§ Problem details: Retype, character for character, the line containing "Installation view of" along with each line after it through the end of the data, and only those.
────────
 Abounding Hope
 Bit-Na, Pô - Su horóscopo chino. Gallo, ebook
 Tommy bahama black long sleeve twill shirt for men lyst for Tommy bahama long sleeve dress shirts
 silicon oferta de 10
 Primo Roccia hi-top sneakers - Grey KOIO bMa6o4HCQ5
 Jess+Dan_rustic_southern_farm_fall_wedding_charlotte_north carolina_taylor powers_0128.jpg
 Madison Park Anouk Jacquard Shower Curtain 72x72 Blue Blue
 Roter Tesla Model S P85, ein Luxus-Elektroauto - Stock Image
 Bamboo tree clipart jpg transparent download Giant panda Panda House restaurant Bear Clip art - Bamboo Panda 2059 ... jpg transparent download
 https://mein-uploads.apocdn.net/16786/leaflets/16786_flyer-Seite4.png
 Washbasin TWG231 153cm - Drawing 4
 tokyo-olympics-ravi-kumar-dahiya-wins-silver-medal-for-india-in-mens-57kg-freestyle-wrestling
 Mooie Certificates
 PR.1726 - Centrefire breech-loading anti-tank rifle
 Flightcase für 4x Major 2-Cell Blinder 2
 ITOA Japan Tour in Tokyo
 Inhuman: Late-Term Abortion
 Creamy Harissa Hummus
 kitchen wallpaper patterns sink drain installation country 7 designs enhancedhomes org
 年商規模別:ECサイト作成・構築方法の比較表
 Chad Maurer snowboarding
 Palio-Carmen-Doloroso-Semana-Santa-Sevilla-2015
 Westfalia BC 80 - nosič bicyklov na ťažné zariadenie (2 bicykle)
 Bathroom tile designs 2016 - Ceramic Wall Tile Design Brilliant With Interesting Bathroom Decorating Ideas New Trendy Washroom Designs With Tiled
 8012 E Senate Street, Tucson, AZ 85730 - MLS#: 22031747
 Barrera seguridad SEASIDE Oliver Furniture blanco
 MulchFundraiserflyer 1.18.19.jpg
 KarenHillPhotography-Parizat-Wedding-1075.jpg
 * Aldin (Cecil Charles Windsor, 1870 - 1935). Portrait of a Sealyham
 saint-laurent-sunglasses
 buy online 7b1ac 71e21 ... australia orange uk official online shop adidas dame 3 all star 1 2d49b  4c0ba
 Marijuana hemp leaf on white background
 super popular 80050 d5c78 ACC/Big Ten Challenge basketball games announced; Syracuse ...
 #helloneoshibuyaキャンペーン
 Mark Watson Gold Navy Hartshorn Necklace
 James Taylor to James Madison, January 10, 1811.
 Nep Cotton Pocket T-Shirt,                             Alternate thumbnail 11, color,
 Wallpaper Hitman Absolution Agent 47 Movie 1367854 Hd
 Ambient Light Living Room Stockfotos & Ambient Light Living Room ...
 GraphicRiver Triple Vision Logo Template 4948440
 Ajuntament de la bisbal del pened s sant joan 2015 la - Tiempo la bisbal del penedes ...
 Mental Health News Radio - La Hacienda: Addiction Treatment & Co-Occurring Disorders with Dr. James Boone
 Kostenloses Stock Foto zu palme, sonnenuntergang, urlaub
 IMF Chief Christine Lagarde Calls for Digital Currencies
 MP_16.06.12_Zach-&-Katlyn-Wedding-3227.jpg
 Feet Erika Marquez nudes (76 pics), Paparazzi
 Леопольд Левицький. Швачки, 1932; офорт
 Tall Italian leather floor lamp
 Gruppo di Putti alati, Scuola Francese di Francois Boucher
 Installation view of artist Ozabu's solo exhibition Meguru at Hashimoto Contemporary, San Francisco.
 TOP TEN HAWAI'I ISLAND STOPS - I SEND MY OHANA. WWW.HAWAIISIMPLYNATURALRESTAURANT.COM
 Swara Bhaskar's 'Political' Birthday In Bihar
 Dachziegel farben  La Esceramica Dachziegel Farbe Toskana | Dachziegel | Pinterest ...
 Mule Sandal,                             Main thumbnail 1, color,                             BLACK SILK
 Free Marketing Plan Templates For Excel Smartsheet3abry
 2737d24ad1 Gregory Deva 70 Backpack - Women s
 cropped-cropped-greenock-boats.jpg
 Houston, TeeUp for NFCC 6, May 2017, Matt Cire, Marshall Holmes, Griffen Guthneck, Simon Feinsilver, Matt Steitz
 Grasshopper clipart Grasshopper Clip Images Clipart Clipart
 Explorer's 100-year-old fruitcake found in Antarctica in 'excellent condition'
────────
§ Response to the task:
 Installation view of artist Ozabu's solo exhibition Meguru at Hashimoto Contemporary, San Francisco.
 TOP TEN HAWAI'I ISLAND STOPS - I SEND MY OHANA. WWW.HAWAIISIMPLYNATURALRESTAURANT.COM
 Swara Bhaskar's 'Political' Birthday In Bihar
 Dachziegel farben  La Esceramica Dachziegel Farbe Toskana | Dachziegel | Pinterest ...
 Mule Sandal,                             Main thumbnail 1, color,                             BLACK SILK
 Free Marketing Plan Templates For Excel Smartsheet3abry
 2737d24ad1 Gregory Deva 70 Backpack - Women s
 cropped-cropped-greenock-boats.jpg
 Houston, TeeUp for NFCC 6, May 2017, Matt Cire, Marshall Holmes, Griffen Guthneck, Simon Feinsilver, Matt Steitz
 Grasshopper clipart Grasshopper Clip Images Clipart Clipart
 Explorer's 100-year-old fruitcake found in Antarctica in 'excellent condition'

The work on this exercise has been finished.